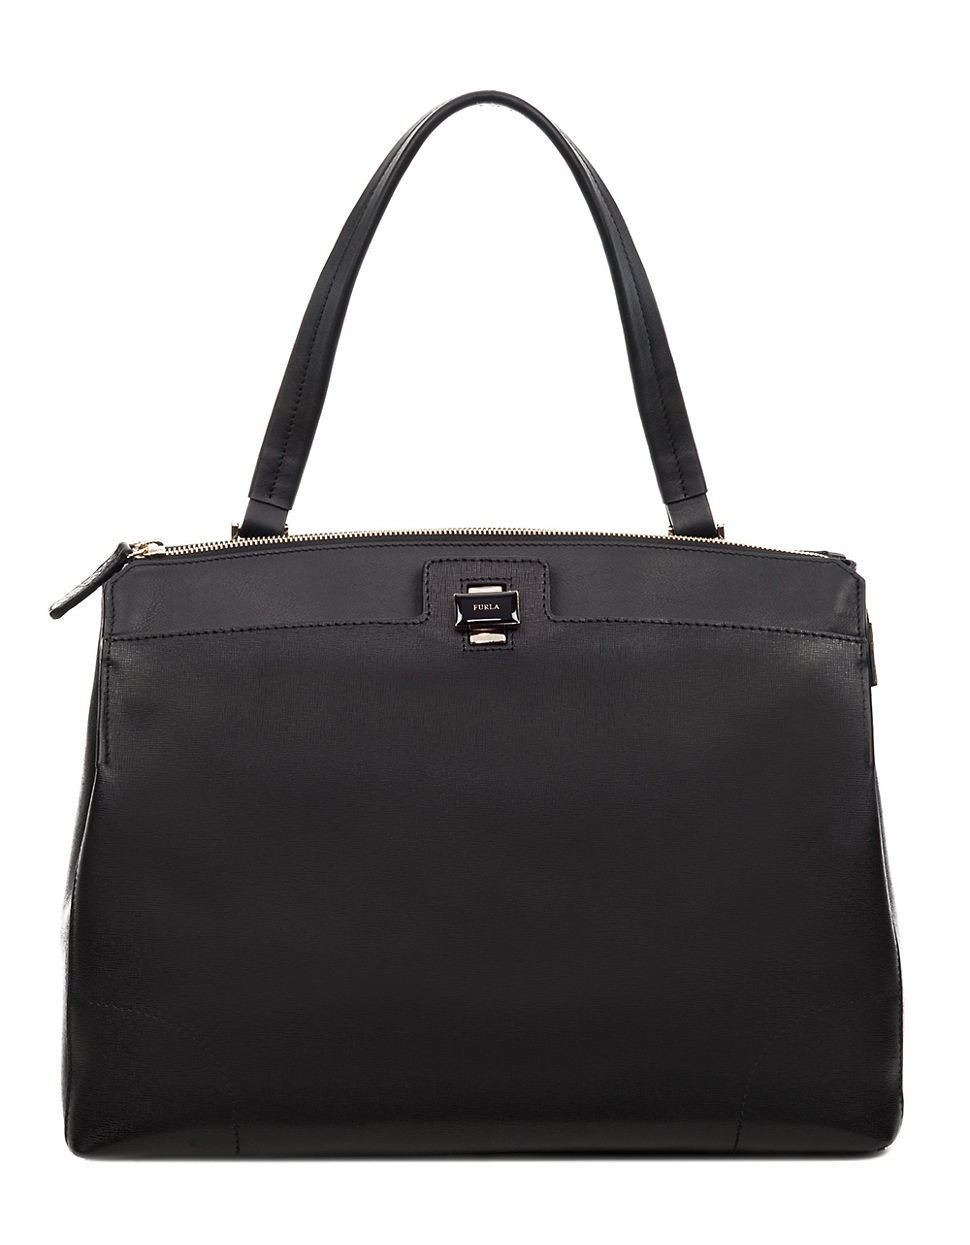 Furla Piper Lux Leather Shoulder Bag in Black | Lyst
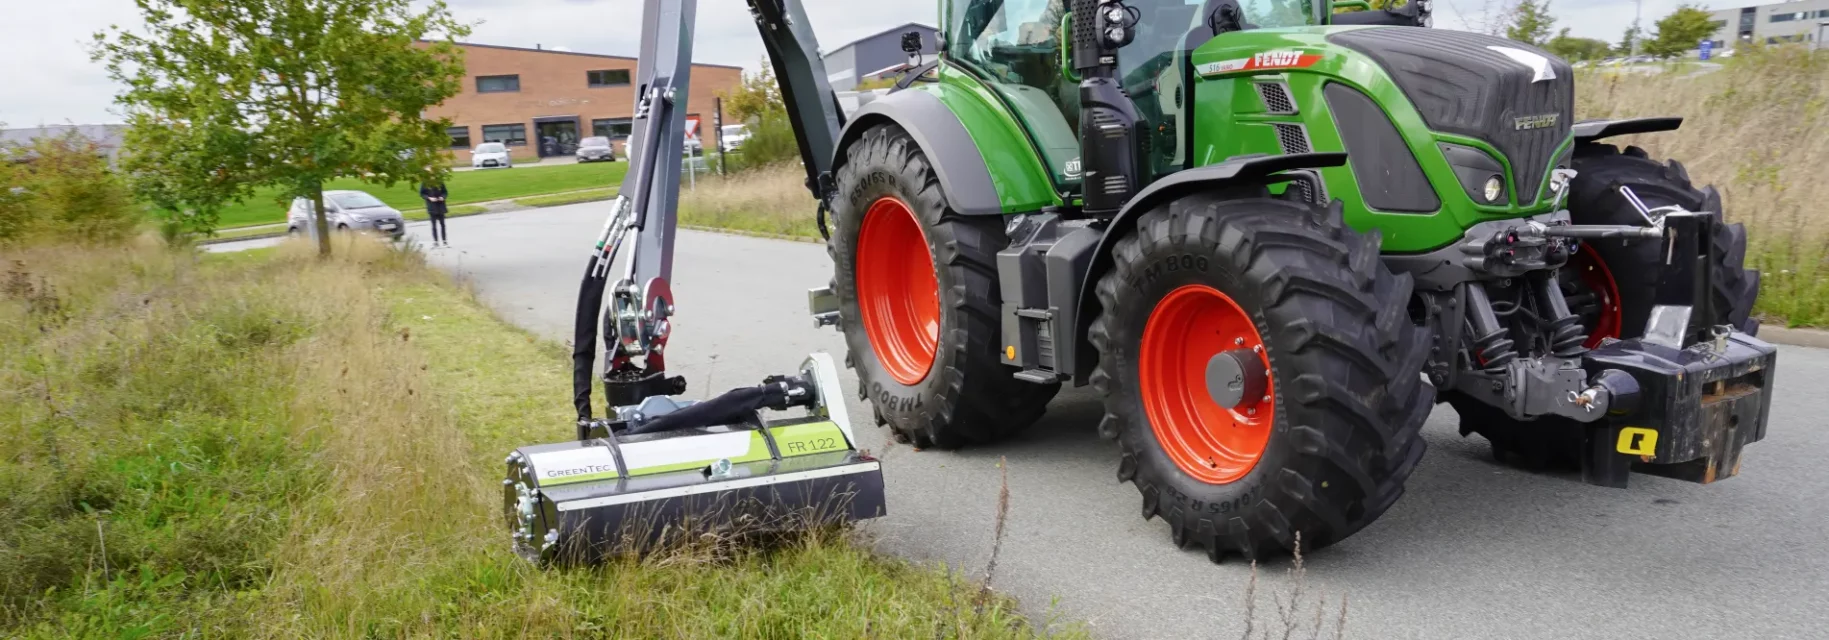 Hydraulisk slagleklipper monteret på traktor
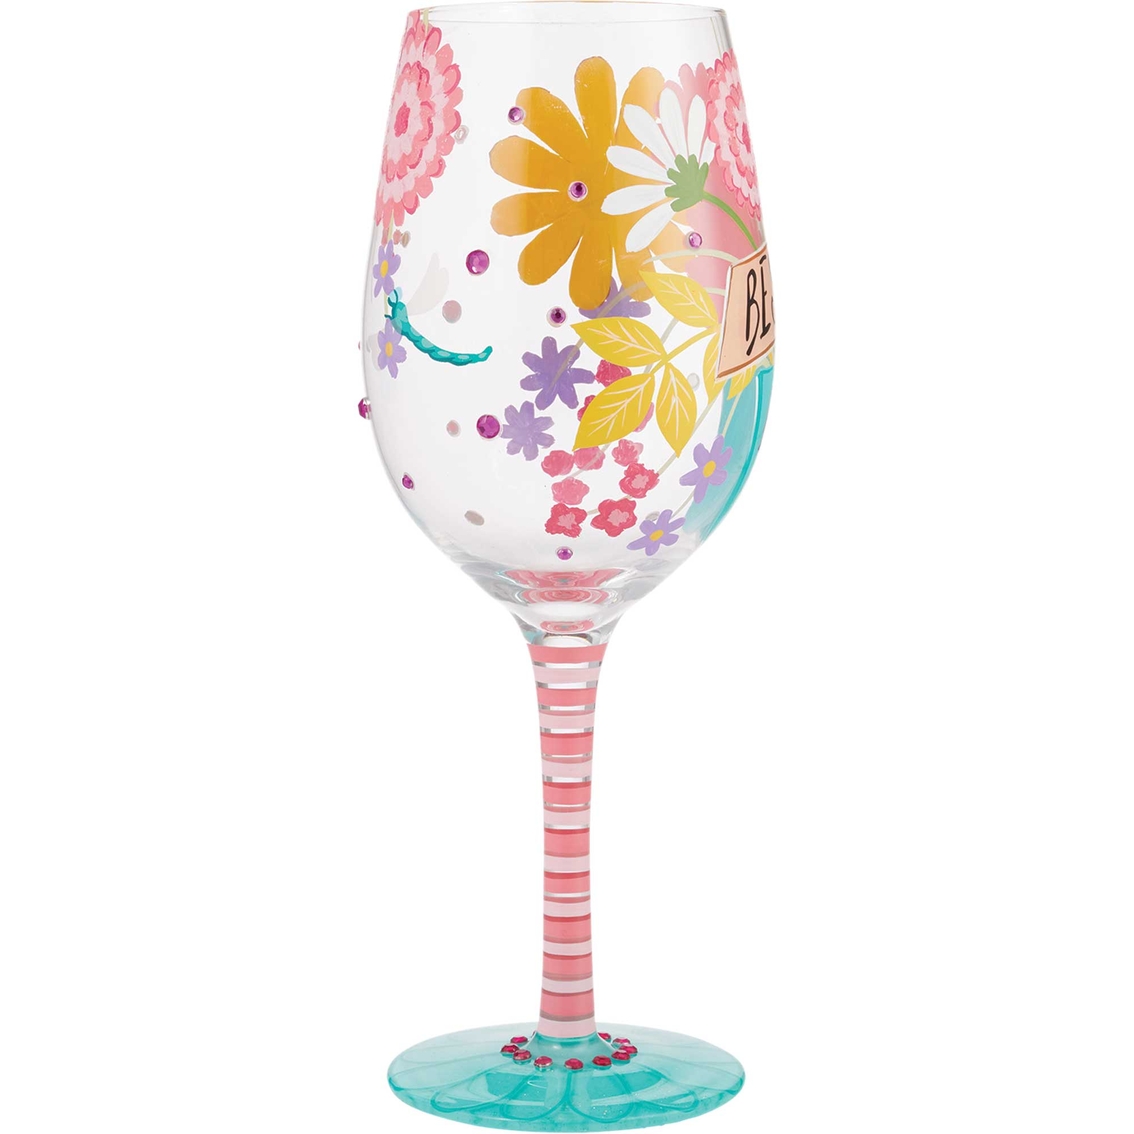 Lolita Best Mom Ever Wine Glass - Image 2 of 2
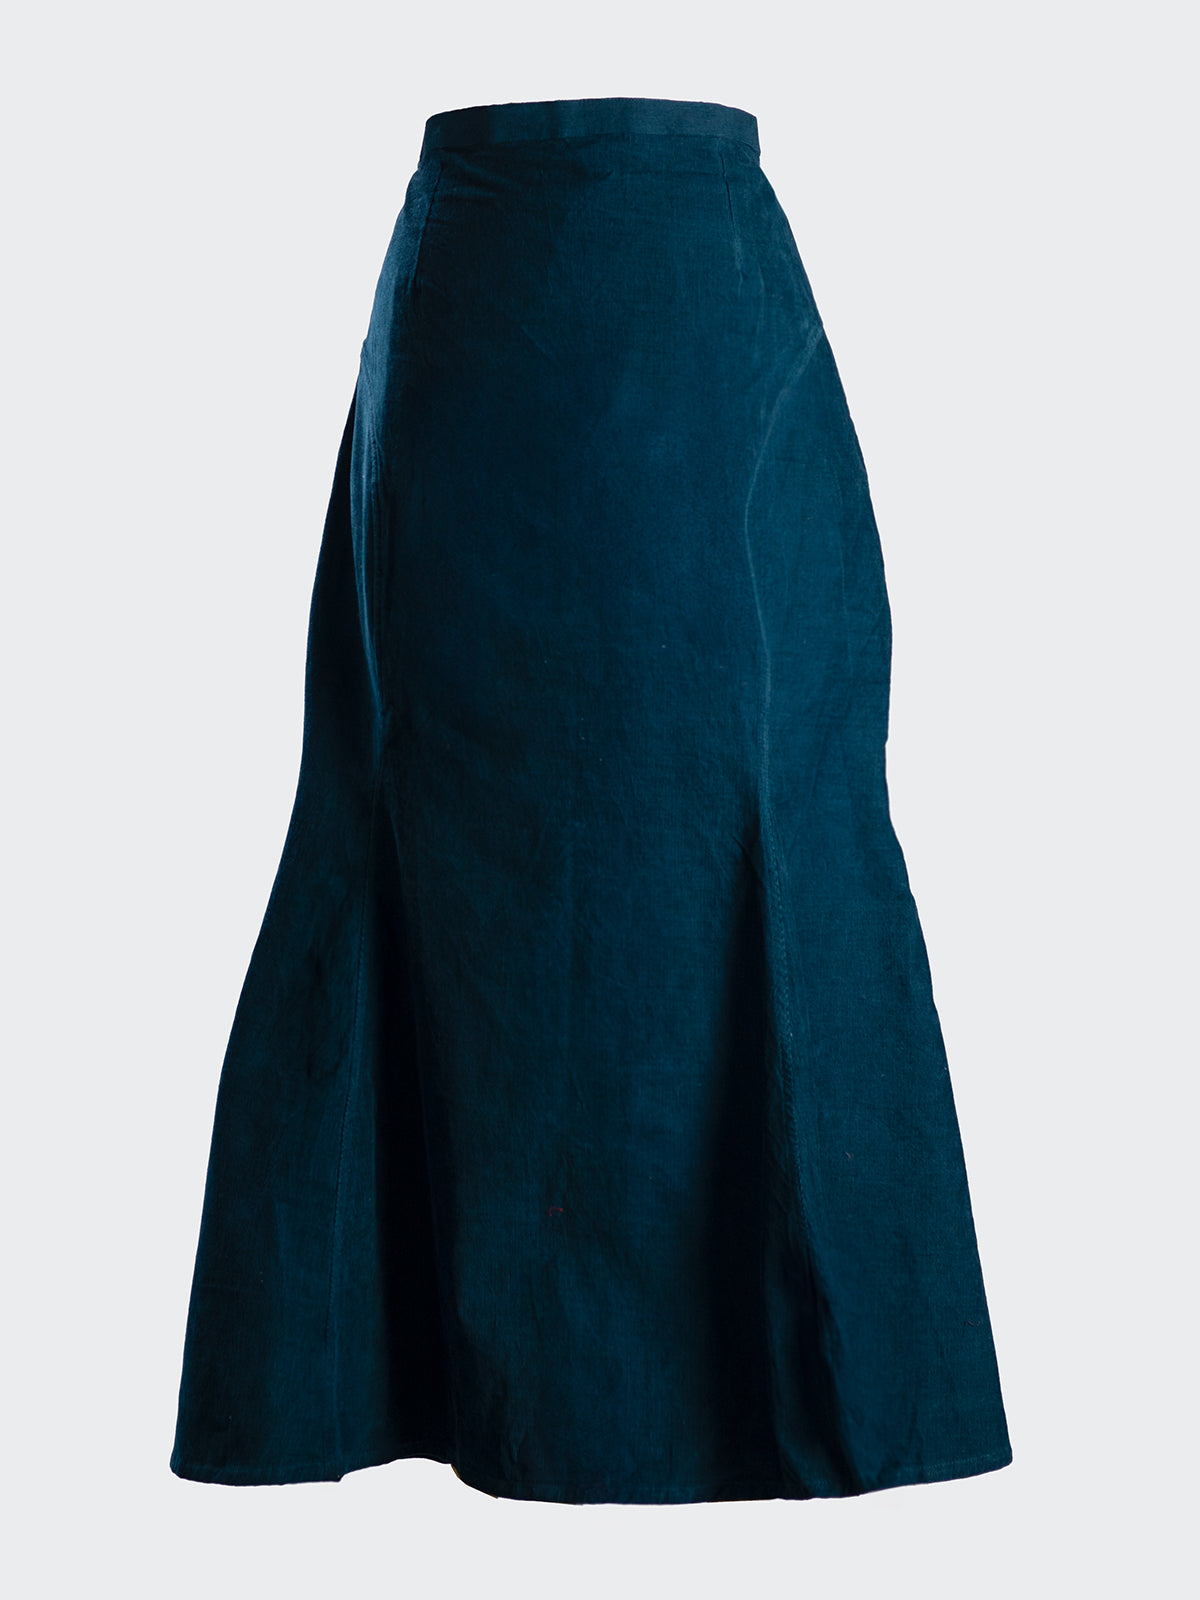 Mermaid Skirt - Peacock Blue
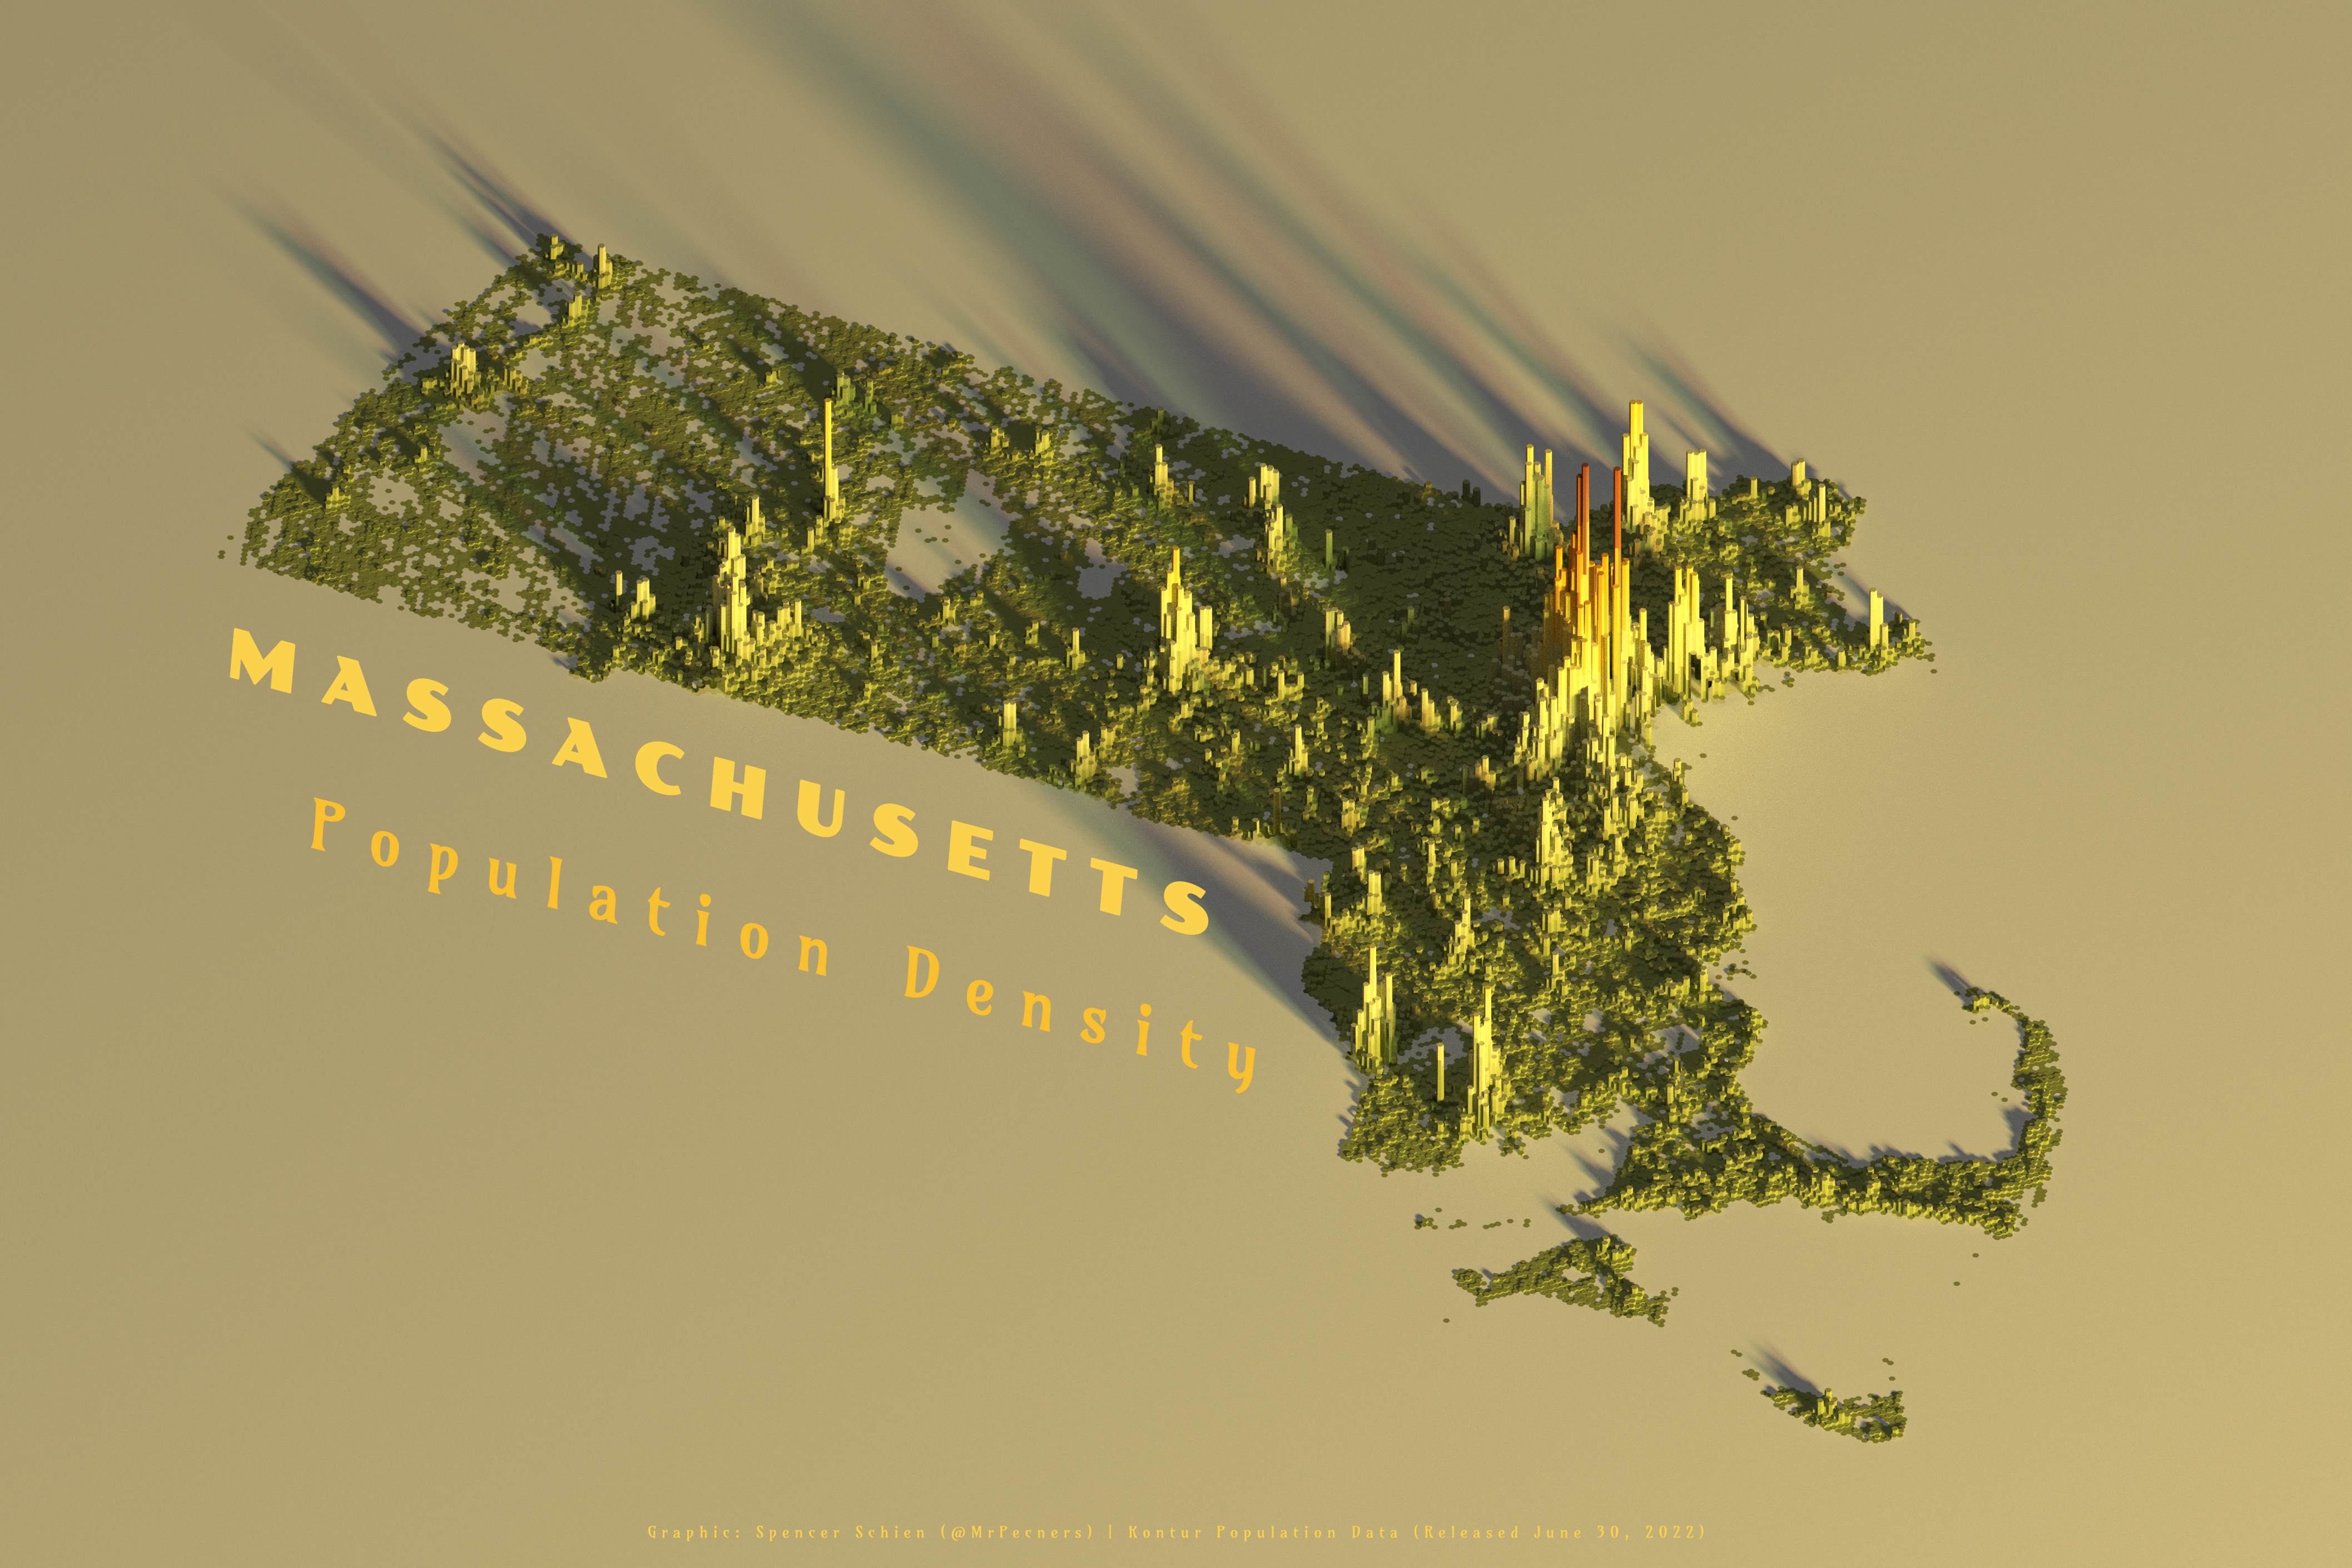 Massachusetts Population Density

__________________________________________________

- _TASK GOAL_
What the answer needs is every line from the one containing "Hydraulisk slagleklipper monteret på traktor" through the final line of the data above, copied exactly, without pictures.

- _SOLUTION TO THE EXERCISE_
 Hydraulisk slagleklipper monteret på traktor
 Lolita Best Mom Ever Wine Glass - Image 2 of 2
 Mermaid Skirt - Peacock Blue
 Massachusetts Population Density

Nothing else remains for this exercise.